Data segment:
= = = =

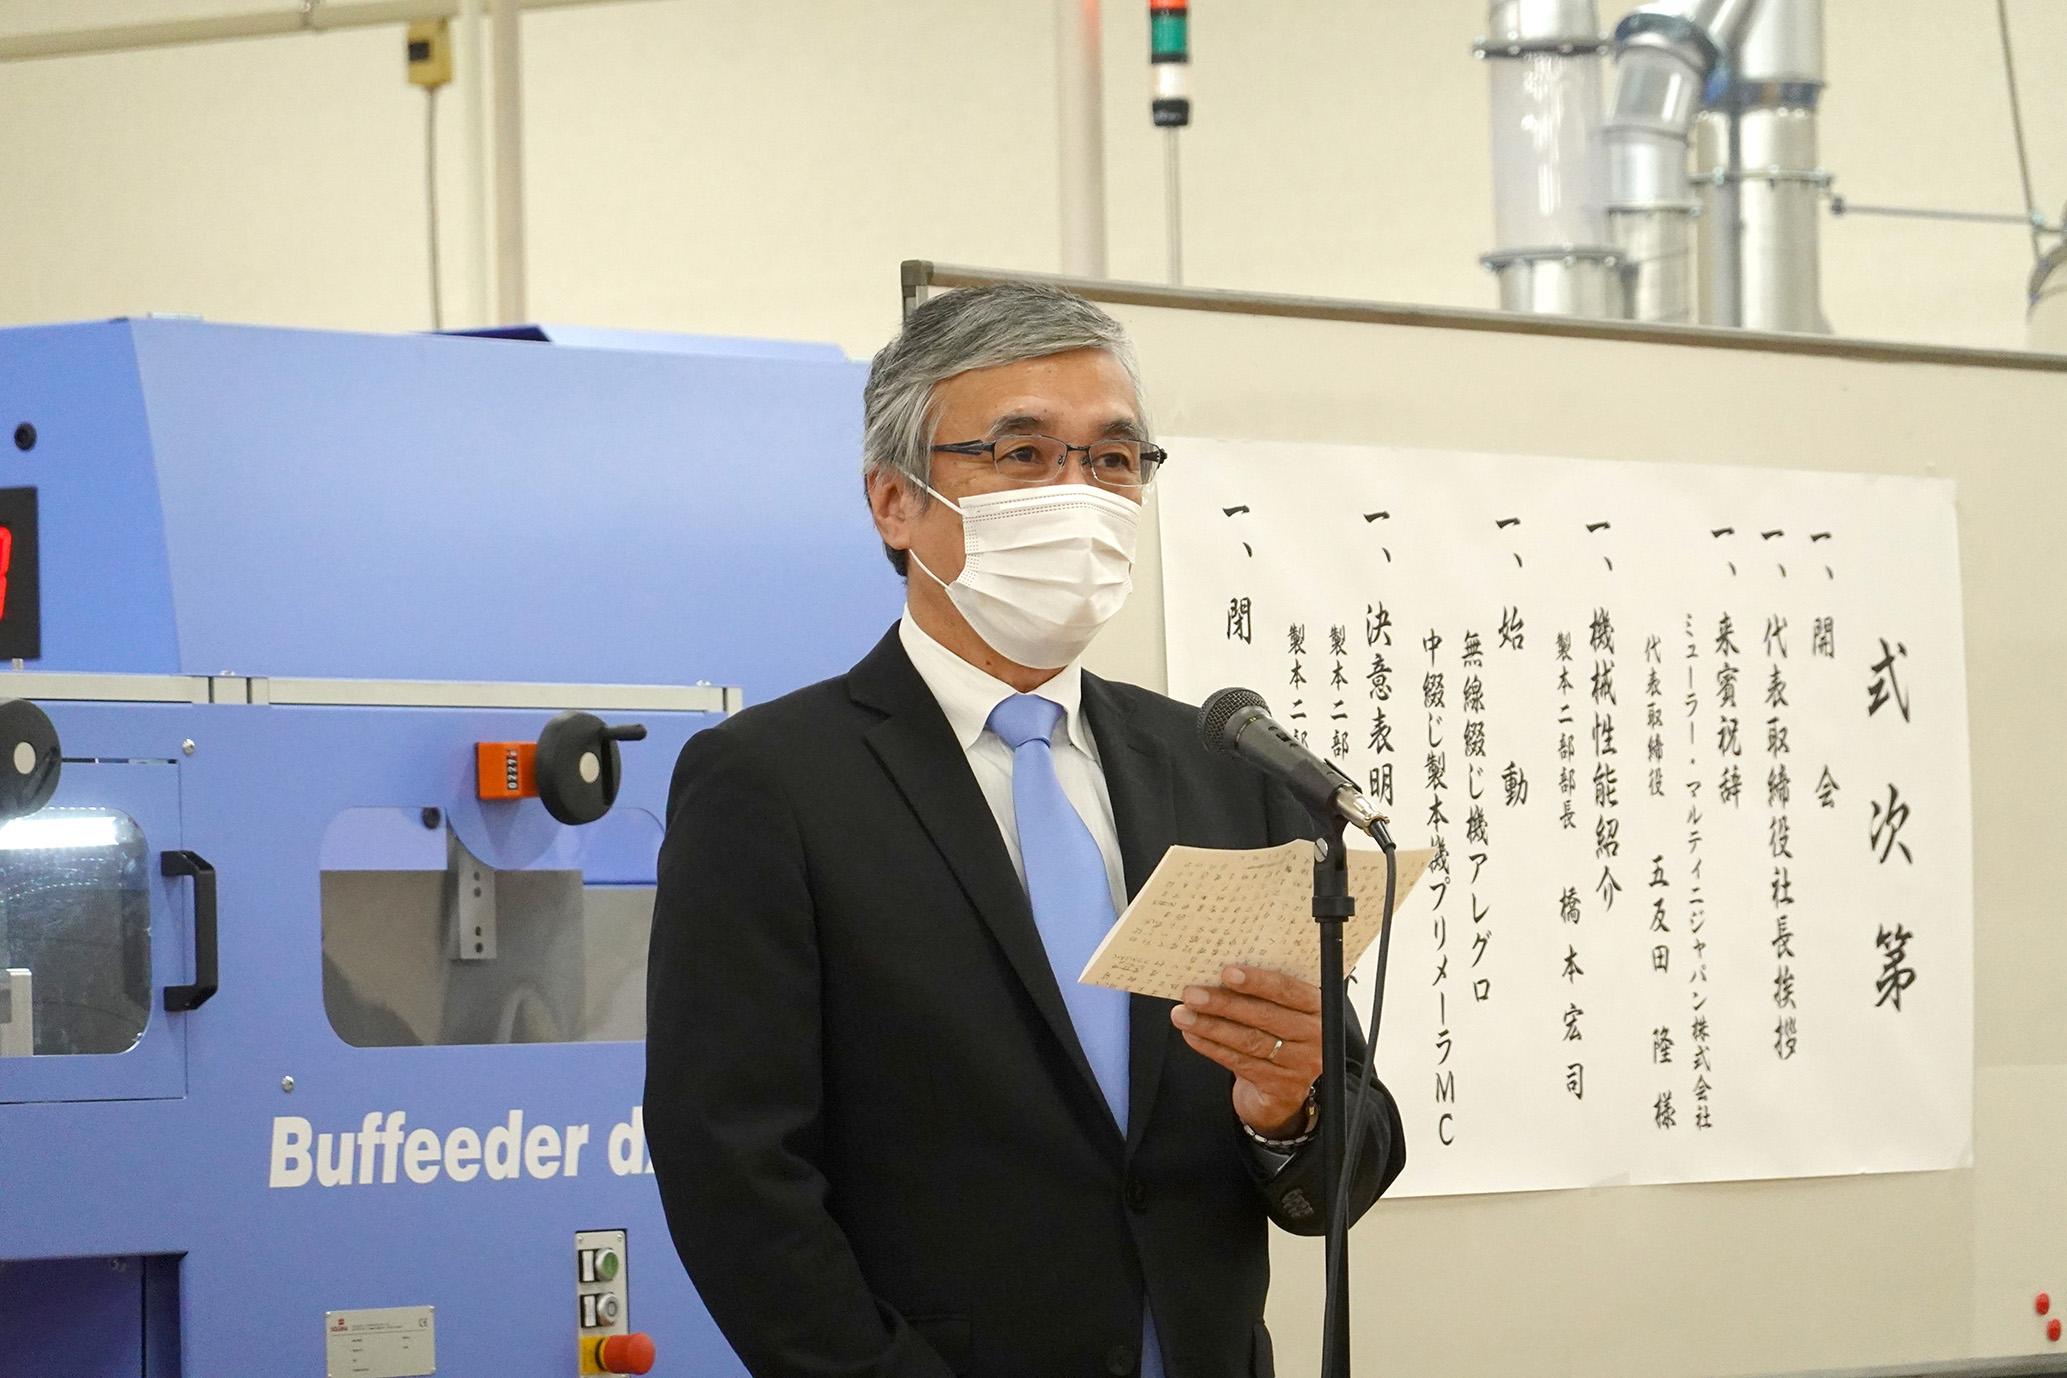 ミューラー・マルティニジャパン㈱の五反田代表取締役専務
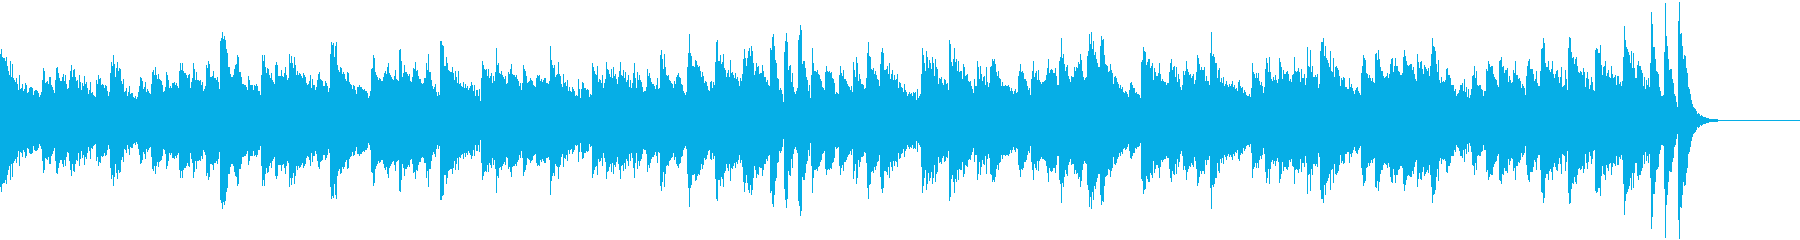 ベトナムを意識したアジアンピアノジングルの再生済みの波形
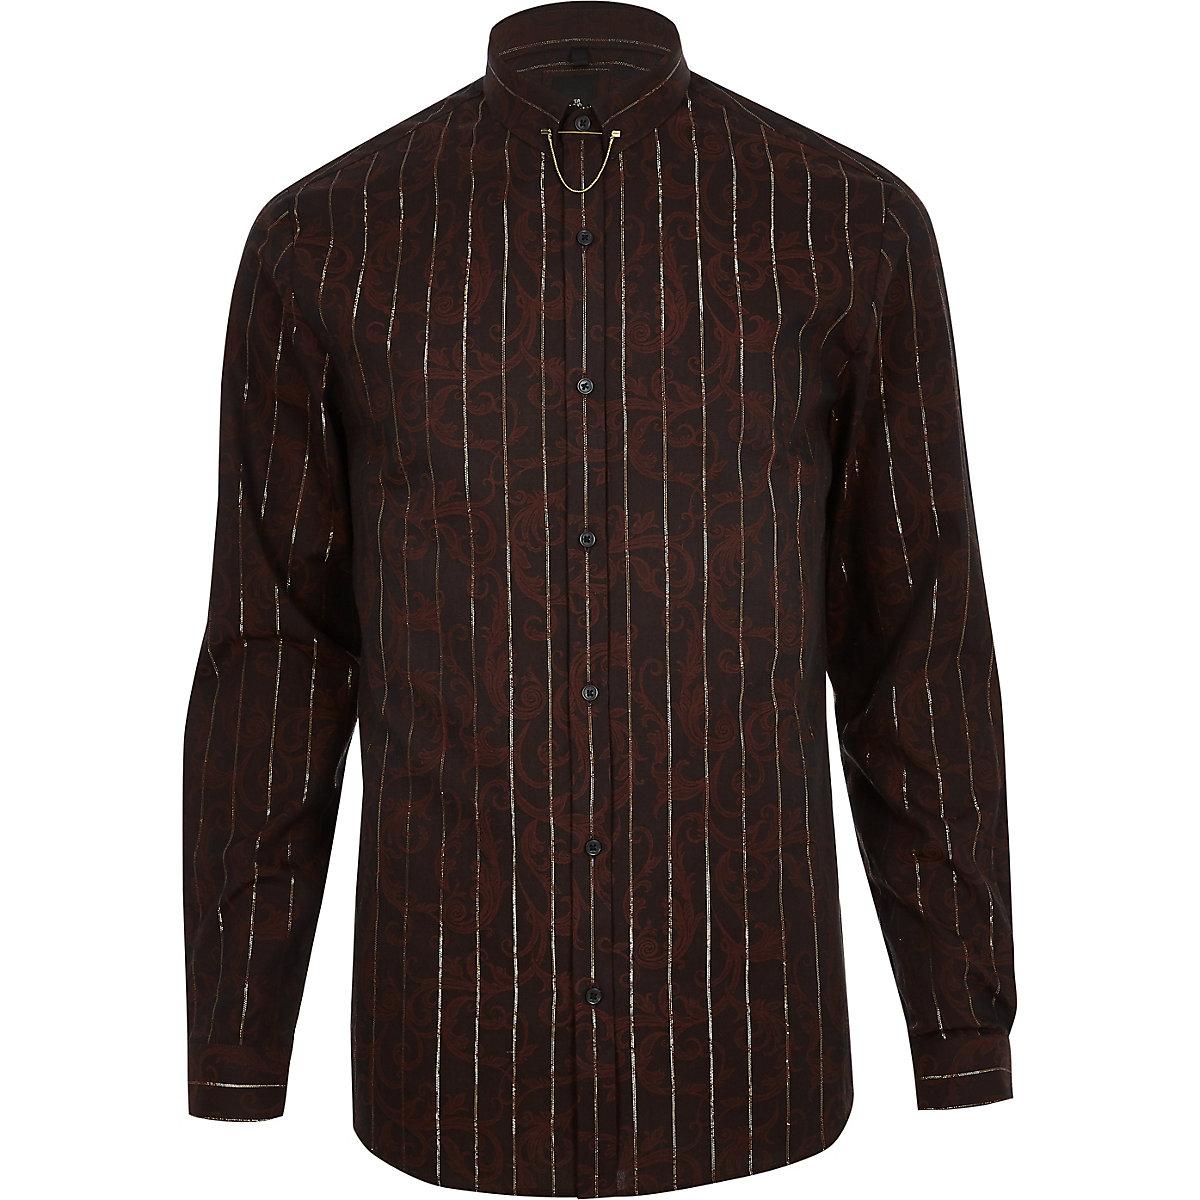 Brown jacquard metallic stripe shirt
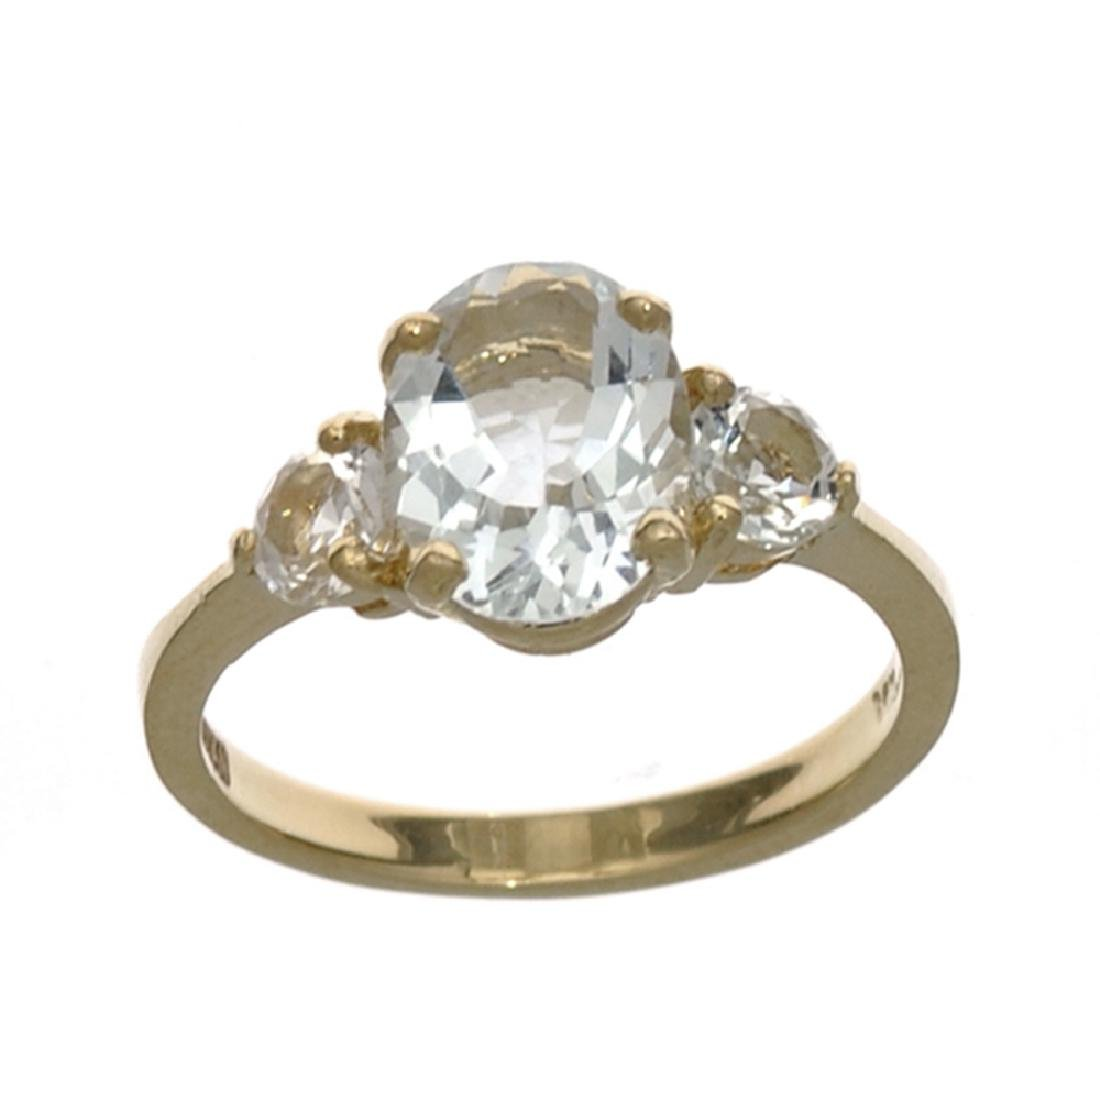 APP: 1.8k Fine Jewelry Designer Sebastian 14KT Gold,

= = = =

Reproduce the listing exactly. Do not include its images.

 ミューラー・マルティニジャパン㈱の五反田代表取締役専務
 ベトナムを意識したアジアンピアノジングルの再生済みの波形
 Brown jacquard metallic stripe shirt
 APP: 1.8k Fine Jewelry Designer Sebastian 14KT Gold,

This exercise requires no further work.